Shelton e Fils si candidano alla vittoria finale

In questa situazione è inevitabile che a candidarsi come possibili vincitori dello US Open siano anche giovani in rampa di lancio alla ricerca del loro primo titolo slam. Tra questi i più quotati sono Arthur Fils e Ben Shelton, vincitori degli ultimi due Masters 1000 sul cemento. Il primo è forse il giocatore più in forma del momento, e se non fosse stato per i tanti infortuni che lo hanno colpito in questi anni probabilmente sarebbe un top-10 stabile da tempo ormai. Il secondo invece è un giocatore già nell’élite del tennis da tempo e che si esprime al meglio nei tornei importanti, ma che ha sempre faticato a fare quel salto necessario per conquistare un torneo dello slam.
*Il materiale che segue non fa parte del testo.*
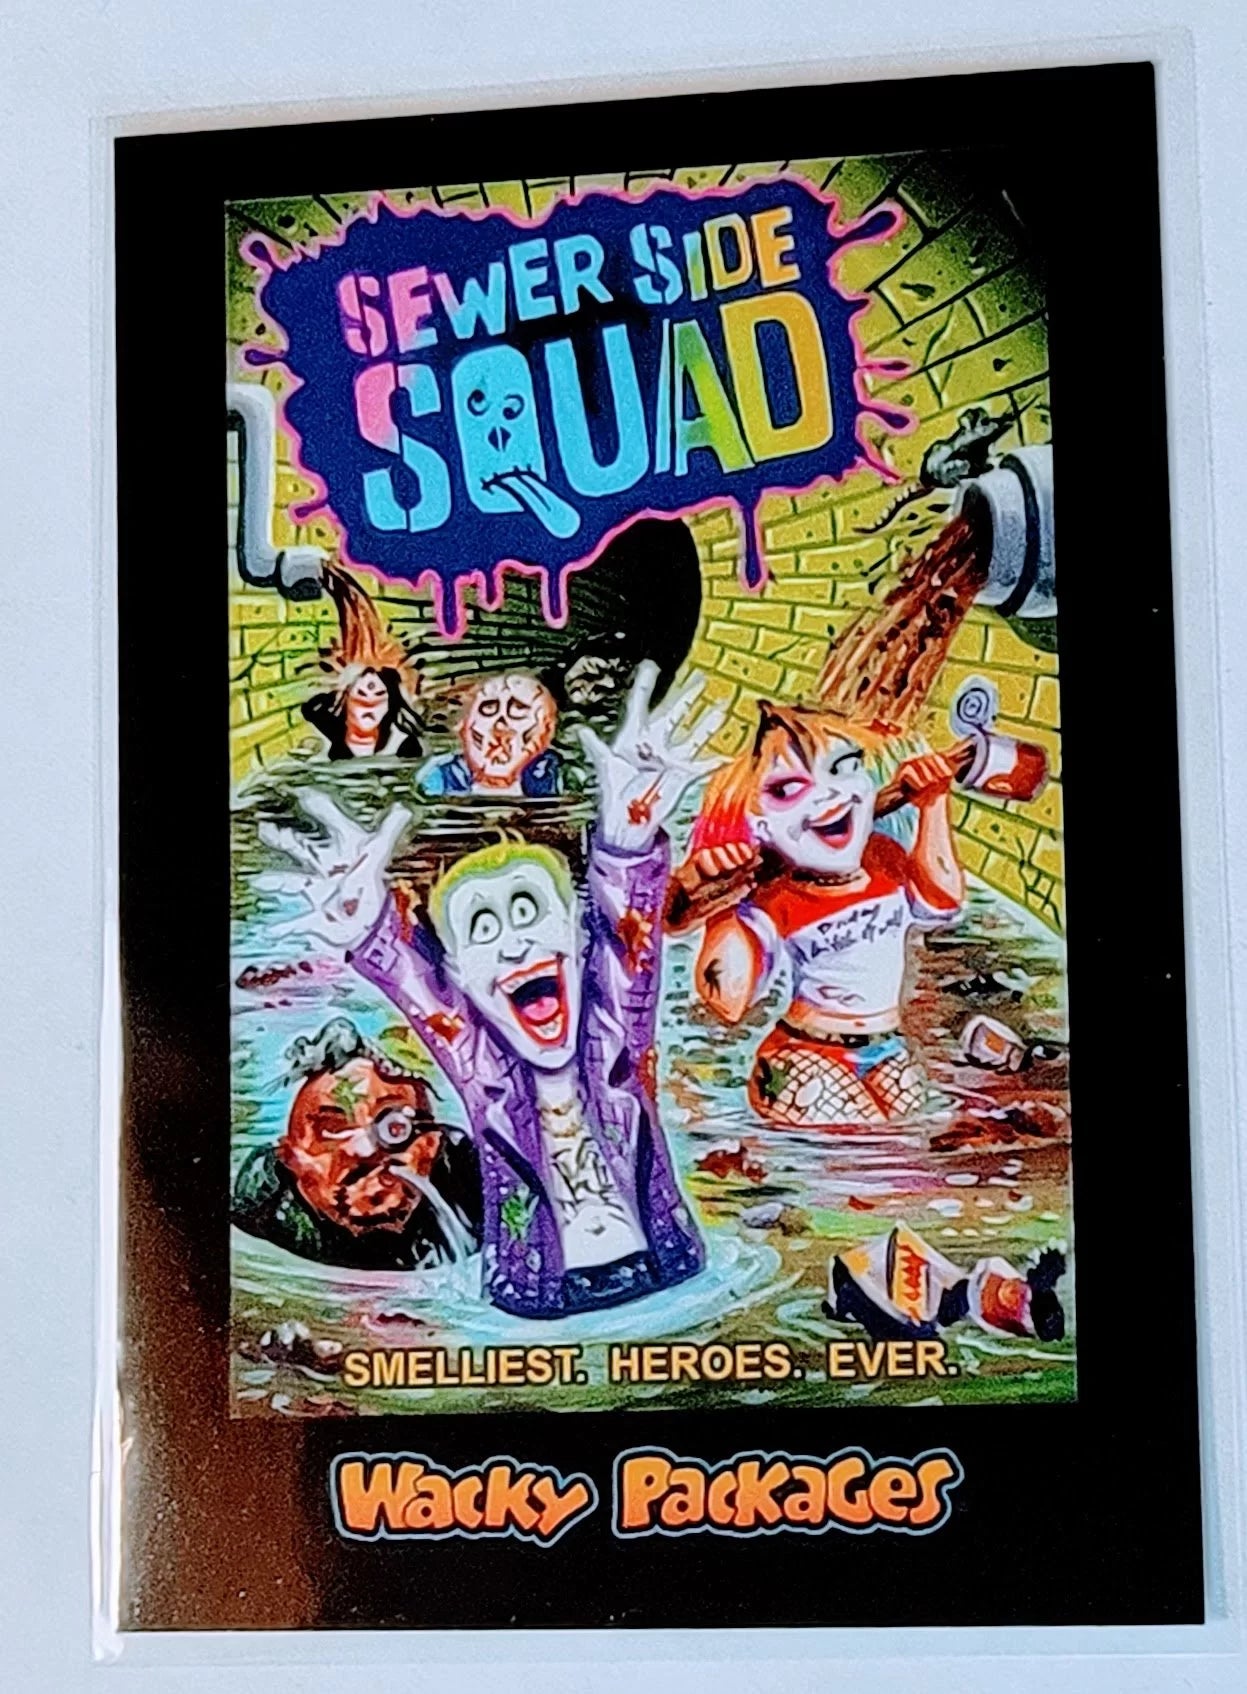 Sewer side squad, 2018 Topps Wacky Packages Go to the Movies Sewer Side Squad #10 Sticker Trading Card MCSC1 simple Xclusive Collectibles

A frenare l’ascesa dello statunitense però sono quasi sempre stati Sinner e Alcaraz, il primo dei quali sarà assente, il secondo invece in cerca di fiducia.

Jodar, Mensik, Cobolli e Musetti le possibili sorprese

A Fils e Shelton si possono aggiungere anche altri nomi come la rivelazione del 2026 Rafael Jodar, che ha dimostrato di essere già un rivale temibile per tutti e di non soffrire i grandi palcoscenici. Un altro nome da tenere d’occhio è Jakub Mensik, giocatore incostante ma che si esprime al meglio sul cemento e che ha dimostrato di essere capace di grandi exploit come il titolo “1000” conquistato battendo Djokovic in finale a Miami nel 2025 o la semifinale ottenuta al Roland Garros pochi mesi fa.

A questa lista si aggiungono anche gli azzurri come Flavio Cobolli, che negli slam è capace di esaltarsi come dimostrato con la finale al Roland Garros o i quarti ottenuti a Wimbledon nel 2025 e nel 2026 e che è tra i giocatori più in forma del momento, come testimonia il fatto che nella race sia attualmente al n°4. L’altro potrebbe essere Lorenzo Musetti, che fino al ritiro contro Djokovic all’Australian Open sembrava seriamente poter essere lui il terzo incomodo più plausibile nella rivalità tra Sinner e Alcaraz. Il carrarino però deve ritrovare ancora quella fiducia e consapevolezza a lui necessarie per esprimersi al meglio ed essere un avversario temibile per chiunque.